2015 AAC women's soccer tournament

Tournament details
- Country: United States
- Teams: 8

Tournament statistics
- Matches played: 7

= 2015 American Athletic Conference women's soccer tournament =

The 2015 American Athletic Conference women's soccer tournament is the third edition of the American Athletic Conference Women's Soccer Tournament. The tournament decided the American Athletic Conference champion and guaranteed representative into the 2015 NCAA Division I Women's Soccer Tournament.
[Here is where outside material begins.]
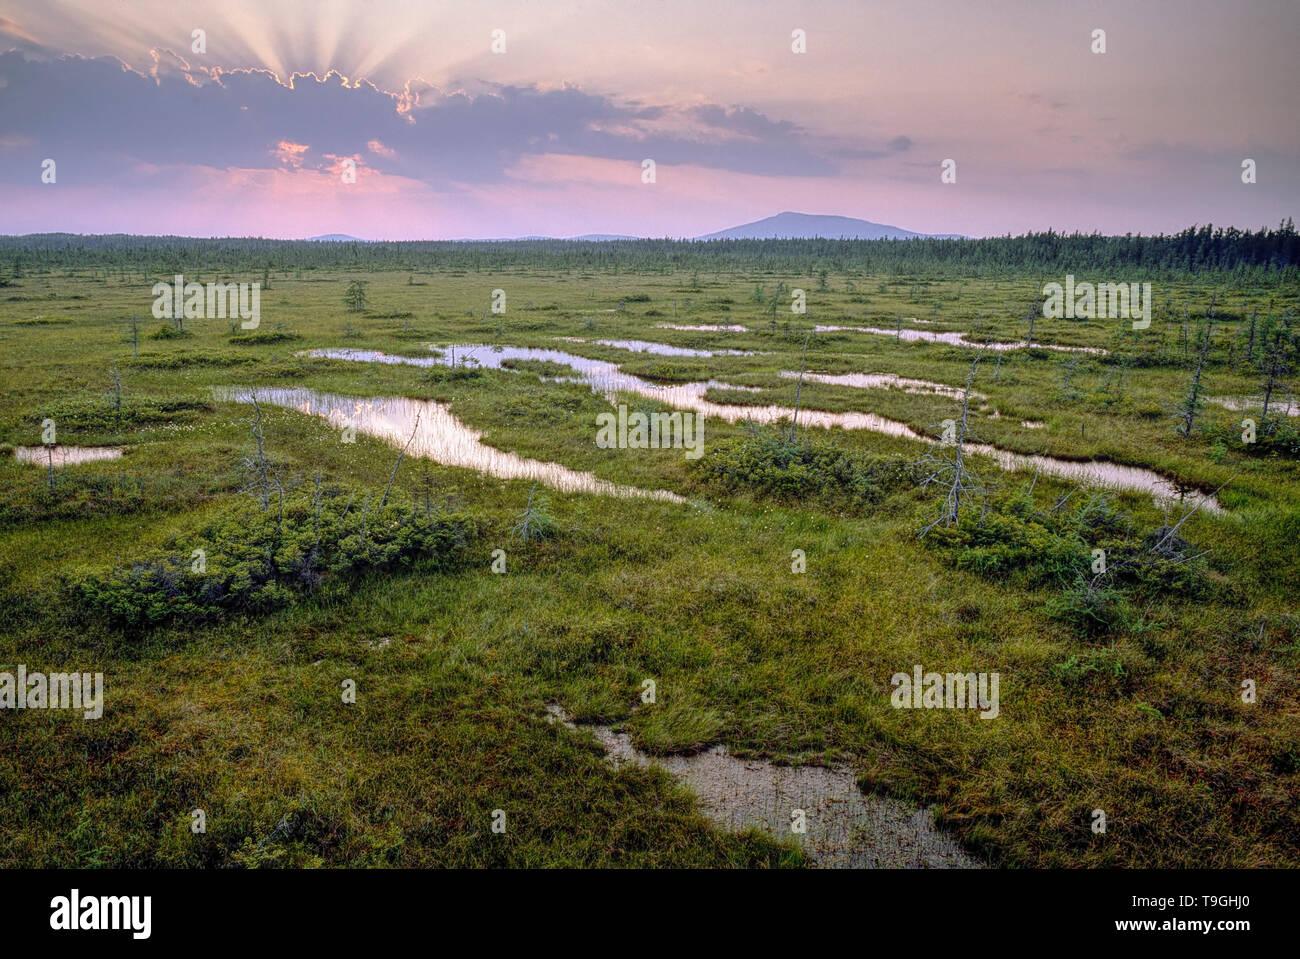 Structured torbiera, Frontenac National Park, Quebec, Canada Immagini Stock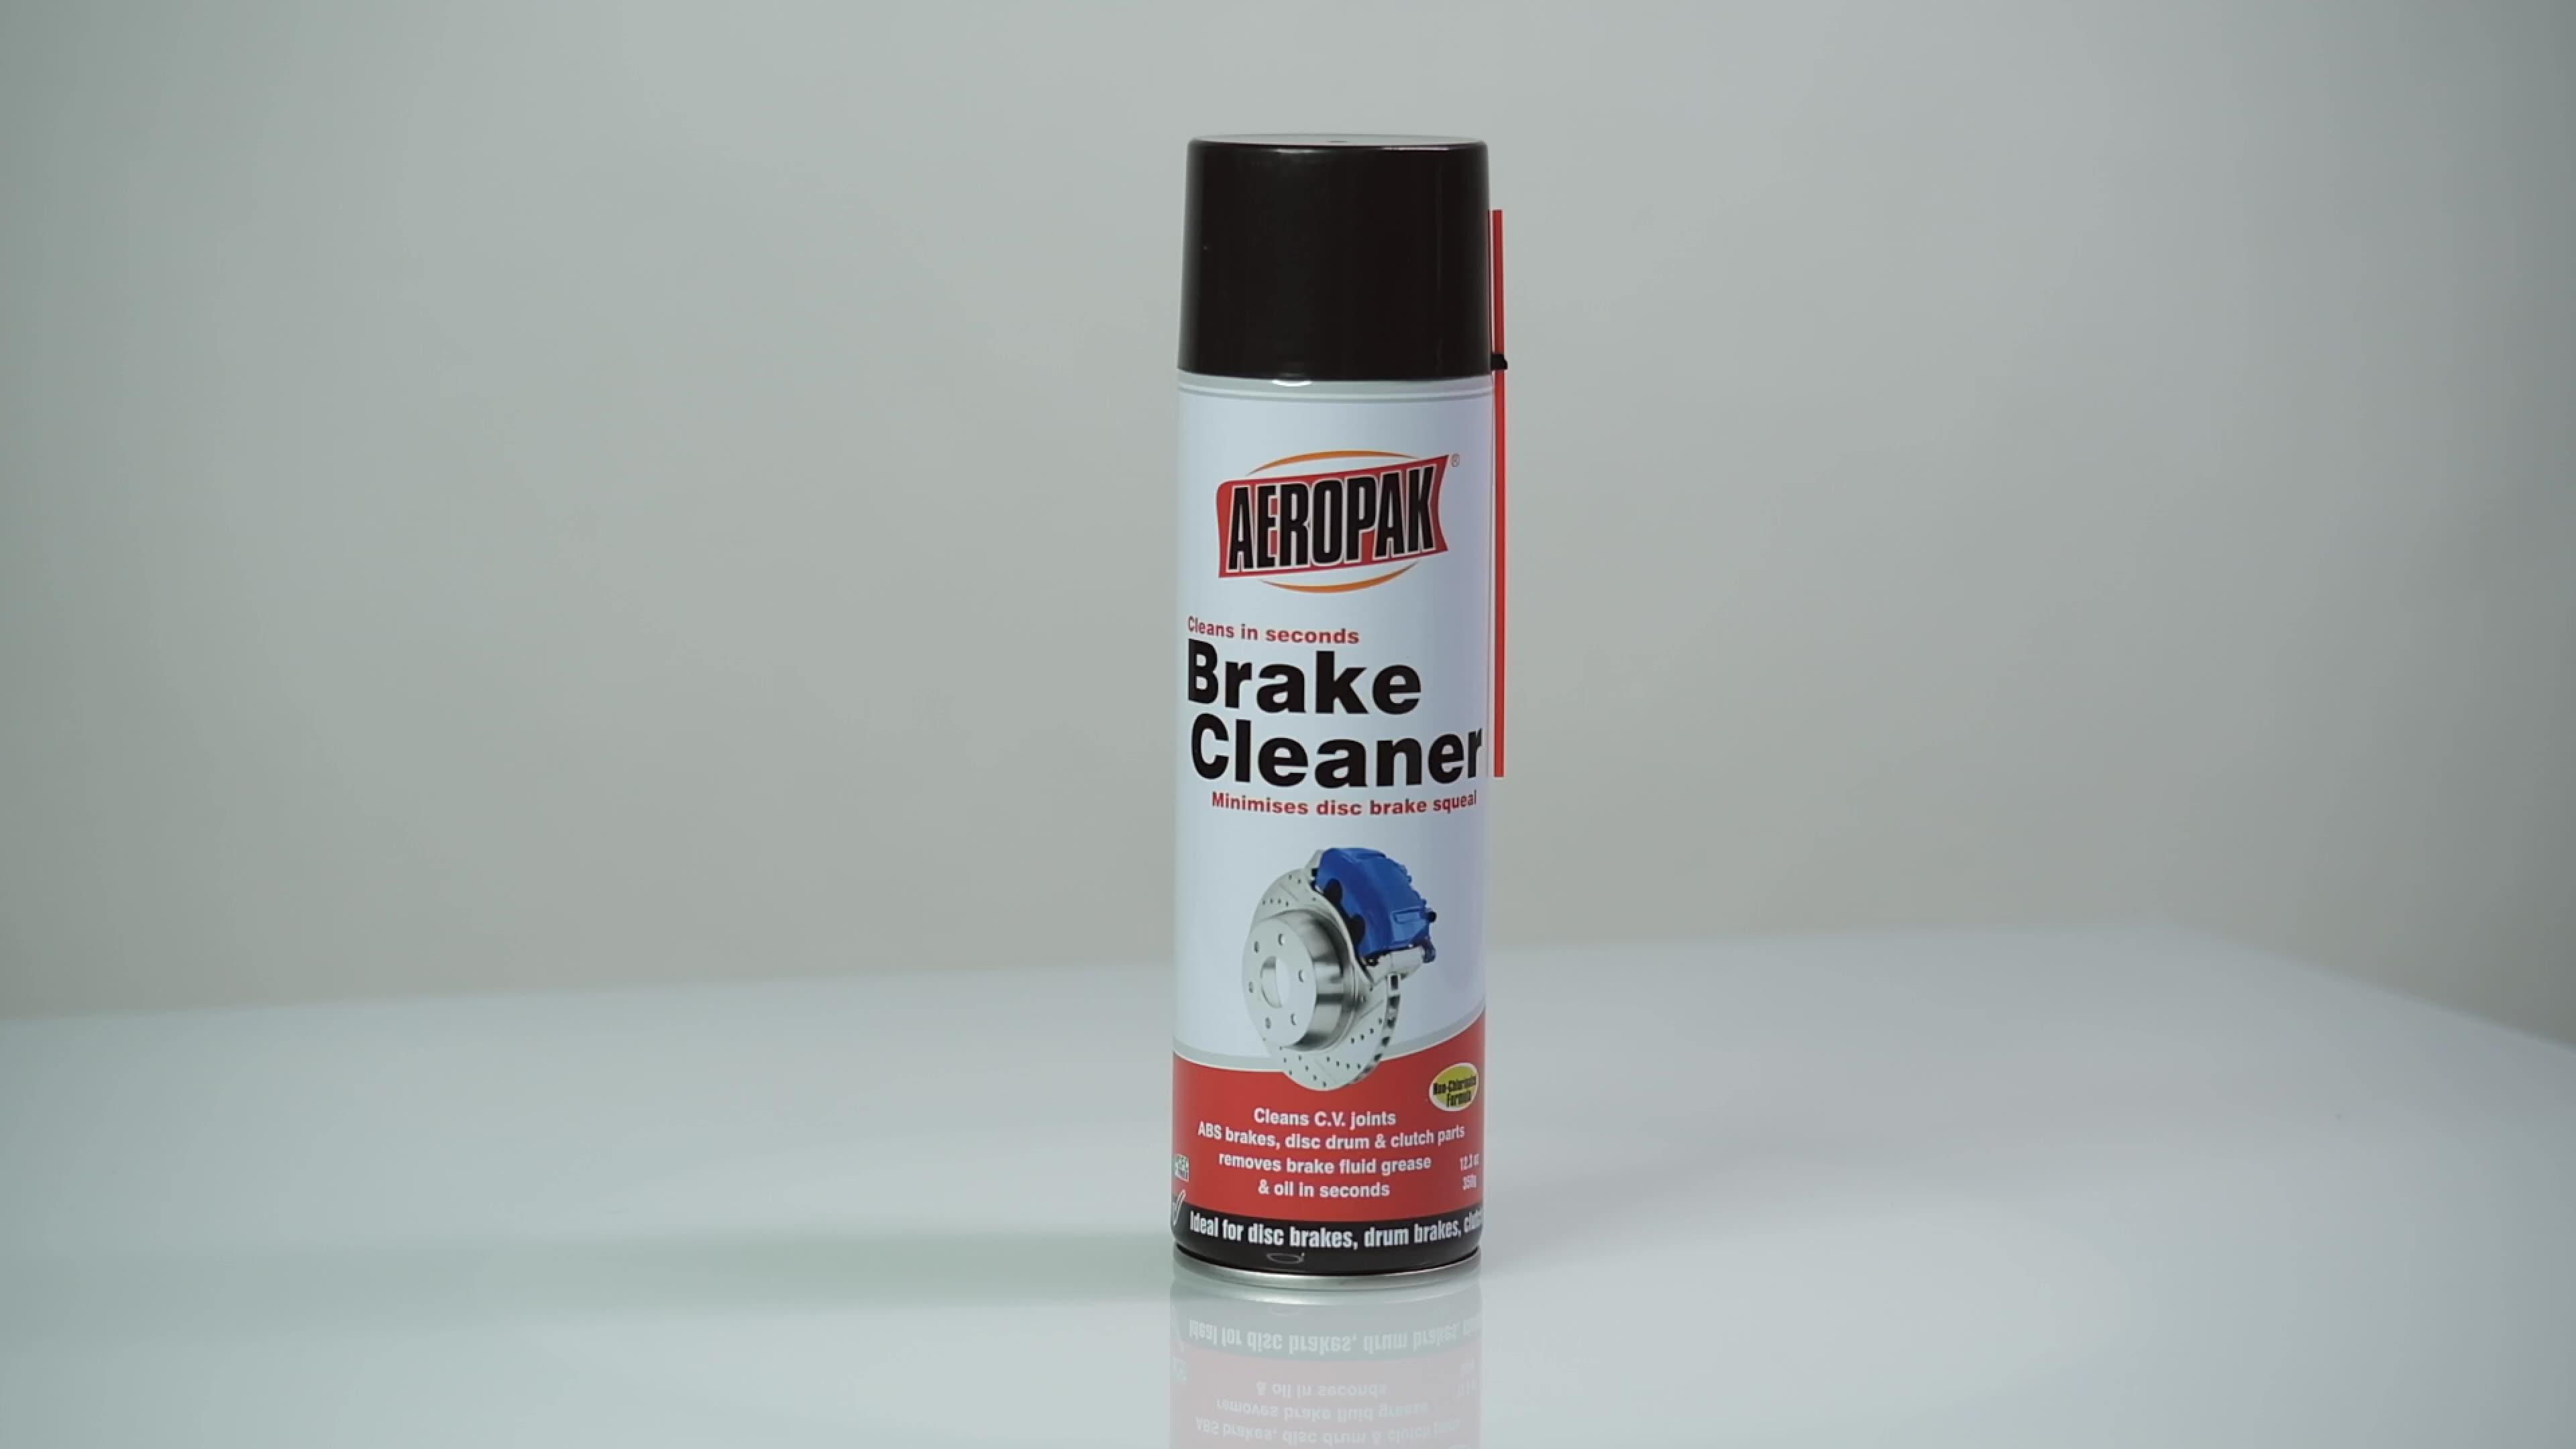 Aeropak Multi purpose Auto Washing Brake Cleaner for car

The event is held at Westcott Field on the campus of SMU in University Park, Texas.

==Seeding and format==
The teams are seeded based on their performance in the conference's round-robin regular season. The top eight teams qualify for the event, with SMU and Houston not participating.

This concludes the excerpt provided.